Il se trouve que Sam avait lu plusieurs essais scientifiques d’Asimov, et il avait même un livre qu’il avait écrit sur la Bible ! « C’est l’œuvre d’un juif athée sur la Bible, alors je l’ai achetée, bien sûr. »

À la tombée du soir, mon père a commencé à s’agiter et a insisté pour nous emmener dîner. Nous sommes allés dans un restaurant voisin où on nous a servi du saumon fumé et du fromage frais avec des petites crêpes appelées blinis, qui étaient absolument délicieux, c’était peut-être la meilleure chose que j’aie jamais goûtée. Ensuite on a eu droit à de succulentes boulettes de pommes de terre au fromage, qui auraient été la meilleure chose que j’aie mangée depuis des mois si elles n’étaient pas venues après l’exquis saumon fumé, et pour finir une autre sorte de crêpes à la confiture. Dans cet endroit, tout le monde semblait connaître Sam et ne cessait de venir dire bonjour et se faire présenter. C’était un peu embarrassant au début, mais je m’y suis vite habituée, parce que Sam faisait comme si c’était normal. J’ai vu qu’il se comportait parmi ces gens comme si c’était sa famille, il vivait en communauté avec eux.

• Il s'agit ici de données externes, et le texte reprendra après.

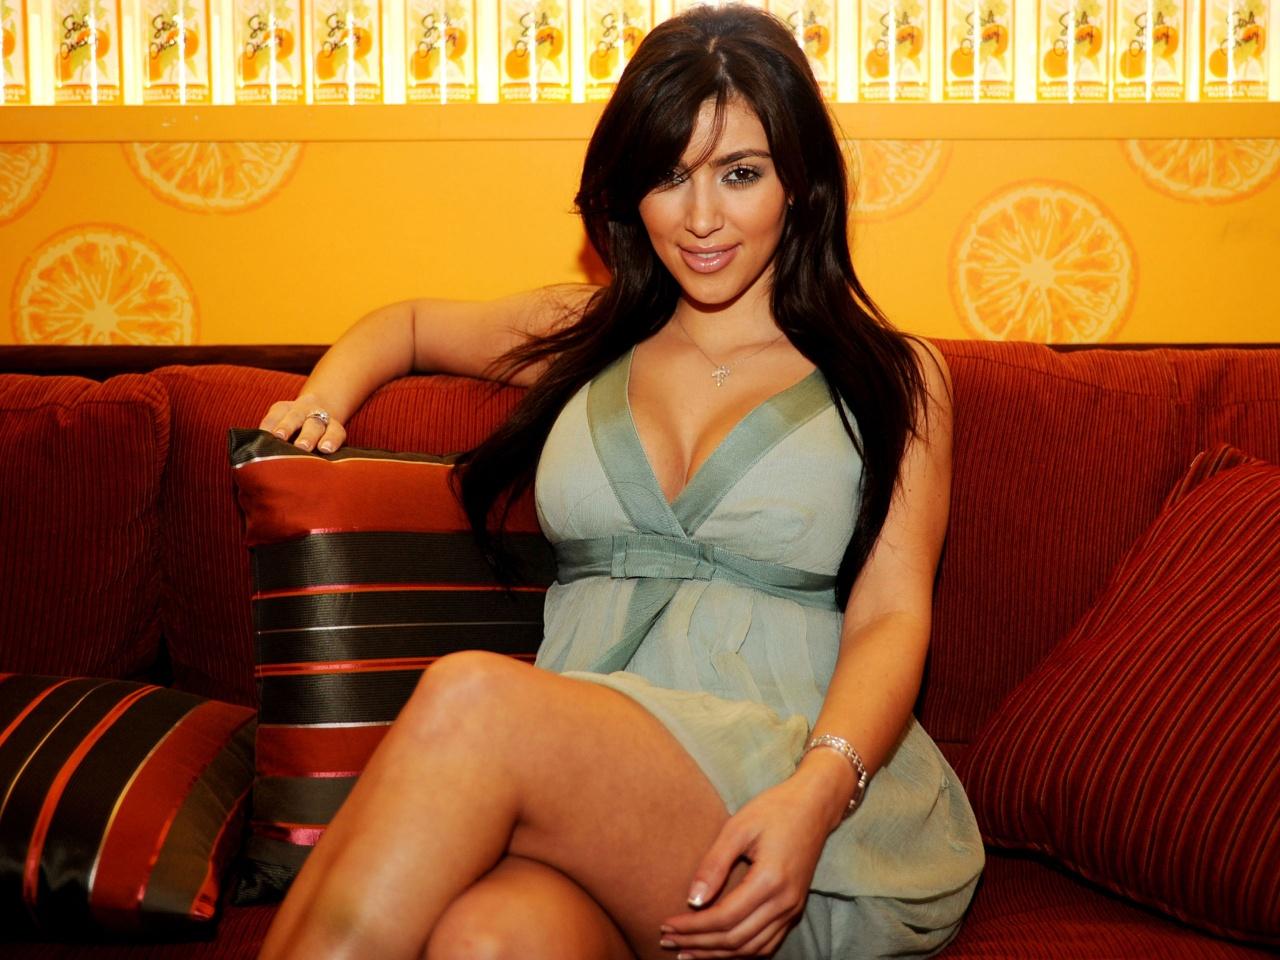 http://1.bp.blogspot.com/_nD_YgZuOadA/TKQDZ4_5muI/AAAAAAAABMA/LSH5D-gOs7Q/s1600/kim_kardashian_high_quality-1280x960.jpg

J’aime bien Sam. J’étais triste de lui dire au revoir. J’ai noté son adresse et lui ai donné la mienne à l’école. J’avais envie de lui demander ce que ça faisait d’être juif, de lui parler de ce que m’avait dit Sharon, et aussi de mon idée d’être une « juive de riz », mais ça me gênait de le faire en présence de mon père. Les choses sont plus faciles avec Sam. Je n’ai pas à me sentir reconnaissante envers lui, et lui n’a pas à se sentir coupable vis-à-vis de moi.

Après, nous sommes allés à l’hôtel. Il n’a pas grand-chose à voir avec celui où nous descendions dans le Pembrokeshire. Il est très anonyme. Nous partageons une chambre, ce à quoi je ne m’attendais pas, mais comme il est descendu au bar presque tout de suite, j’ai l’endroit pratiquement pour moi toute seule. On change d’heure cette nuit, ce qui veut dire une heure en plus à dormir !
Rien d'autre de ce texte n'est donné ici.